- **Your objective**
Quote all of the data exactly as given. Skip every picture it contains.

- **Material provided**
►

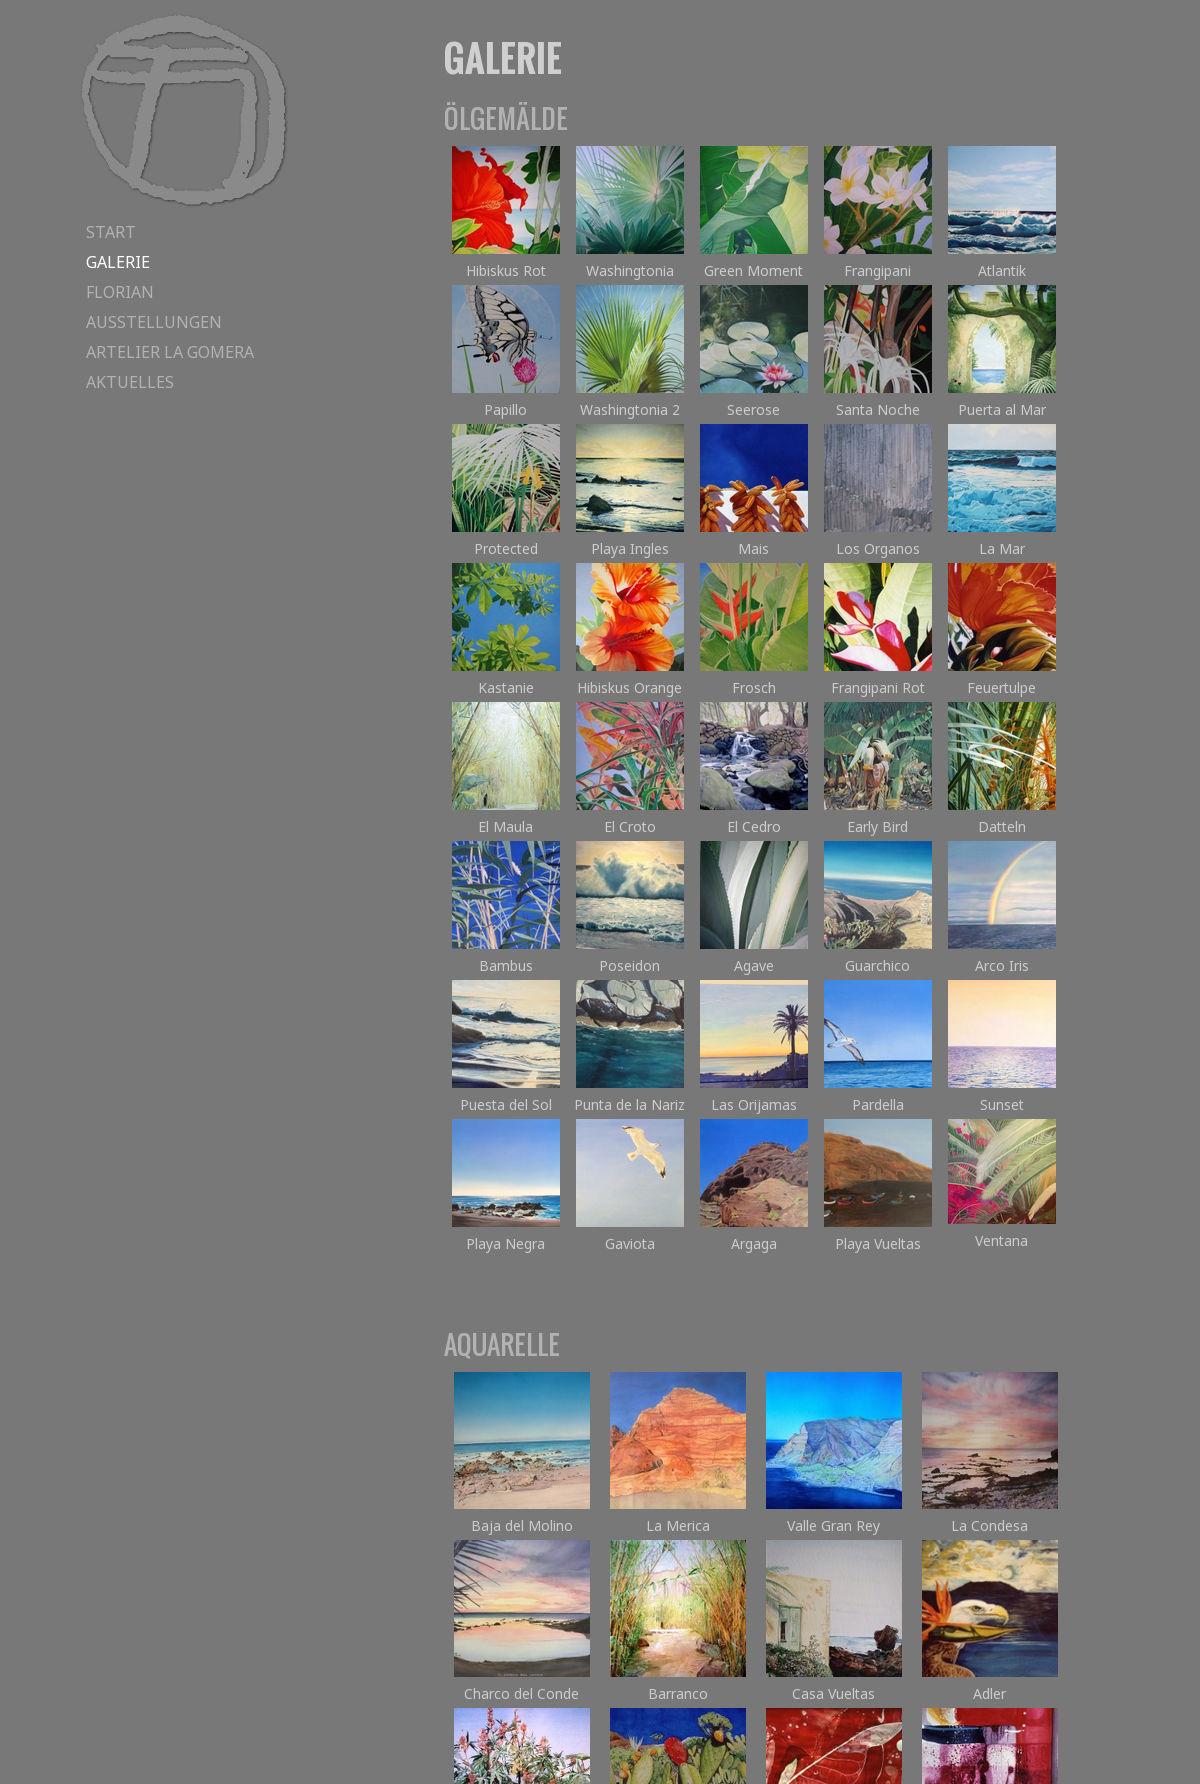 Galerie-Webseite, Florian Schuster-Böckler
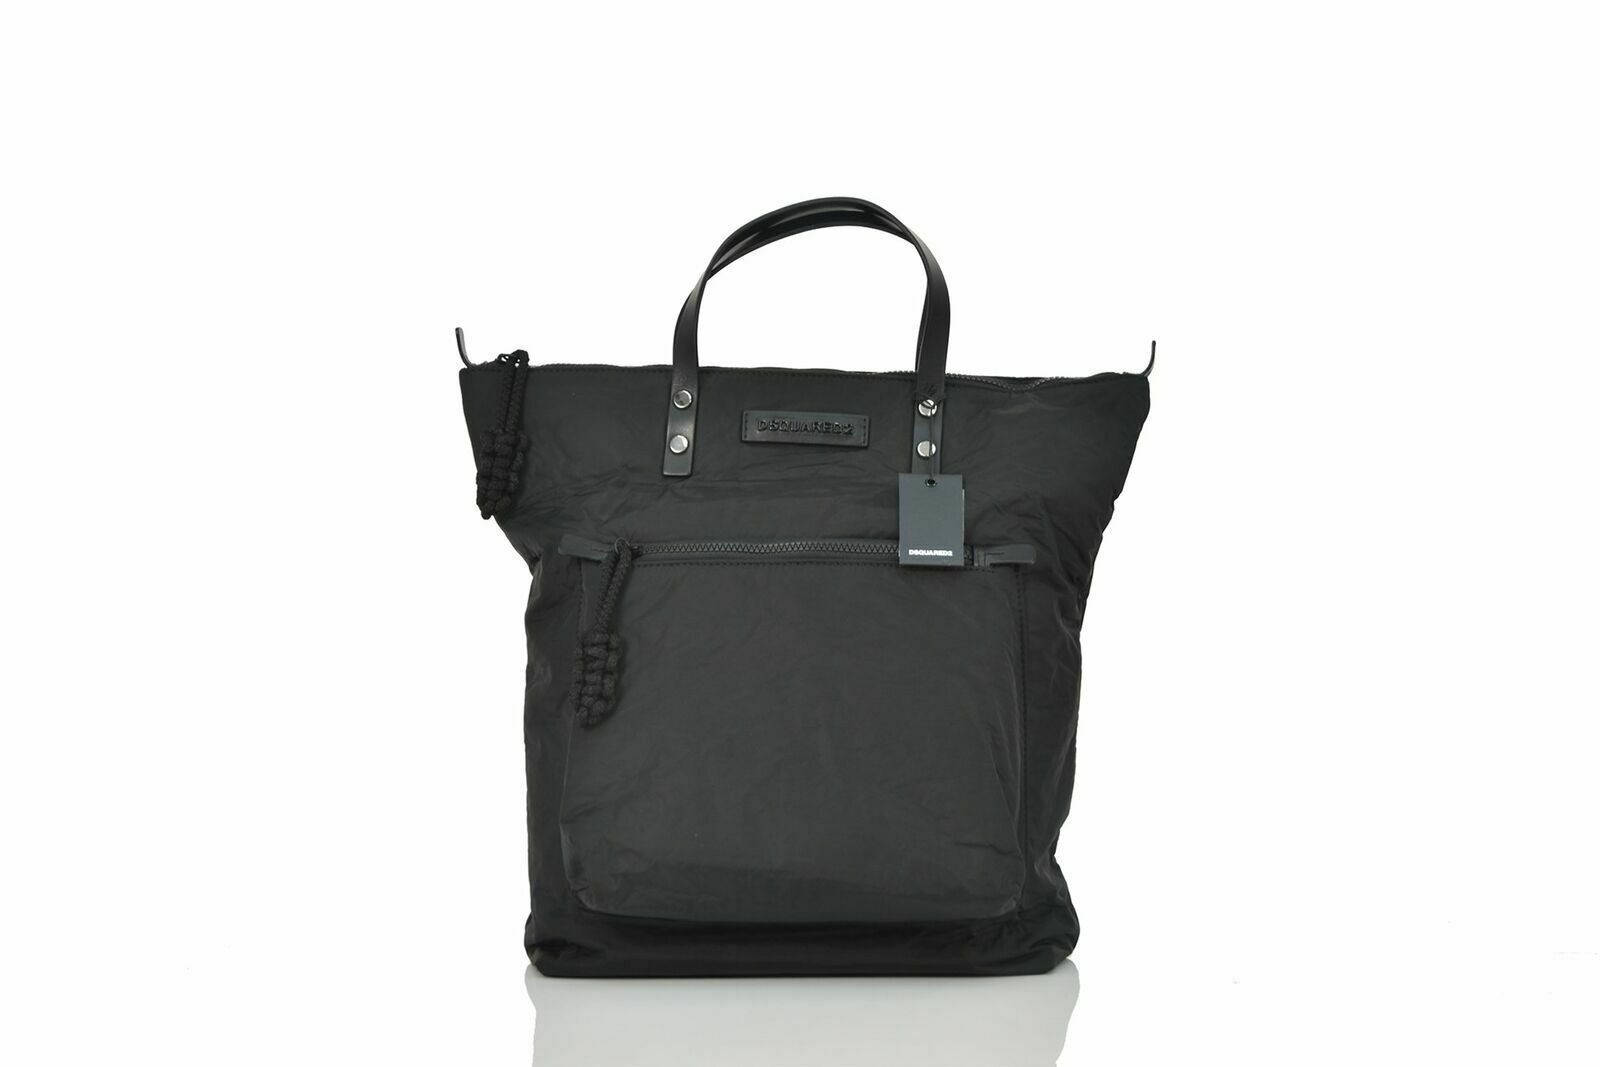 Dsquared2 Shopping Bag Man Black Leather Handles Mod. W16SP1004117M084
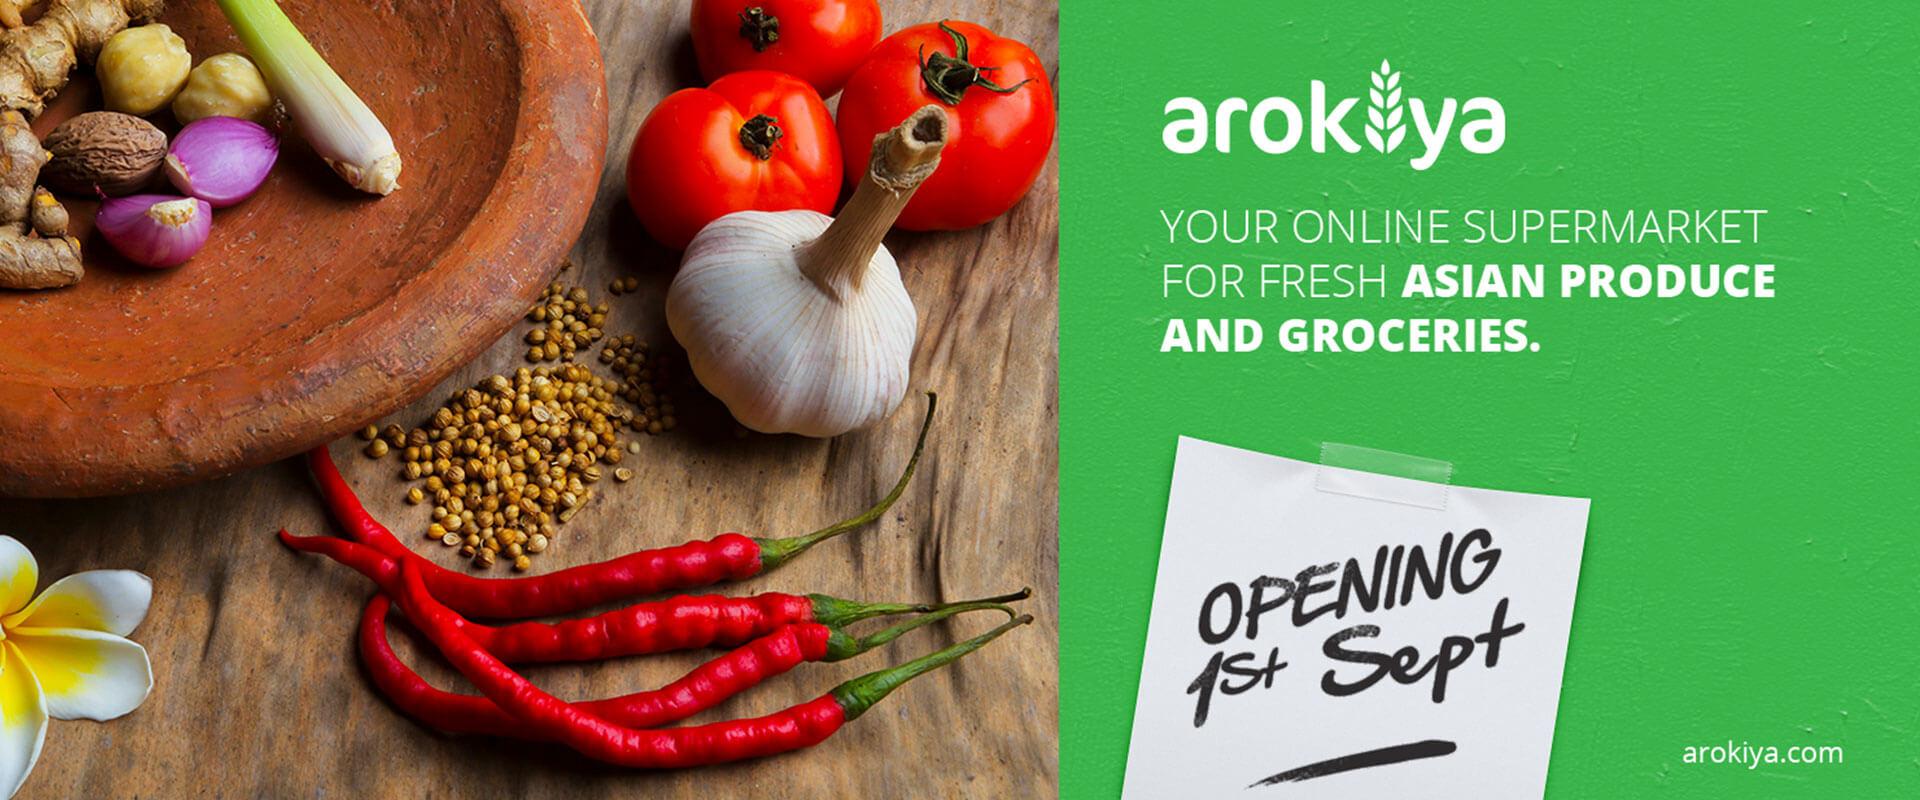 Arokiya opening 1st September

◄

- **Reply to the task**
 Galerie-Webseite, Florian Schuster-Böckler
 Dsquared2 Shopping Bag Man Black Leather Handles Mod. W16SP1004117M084
 Arokiya opening 1st September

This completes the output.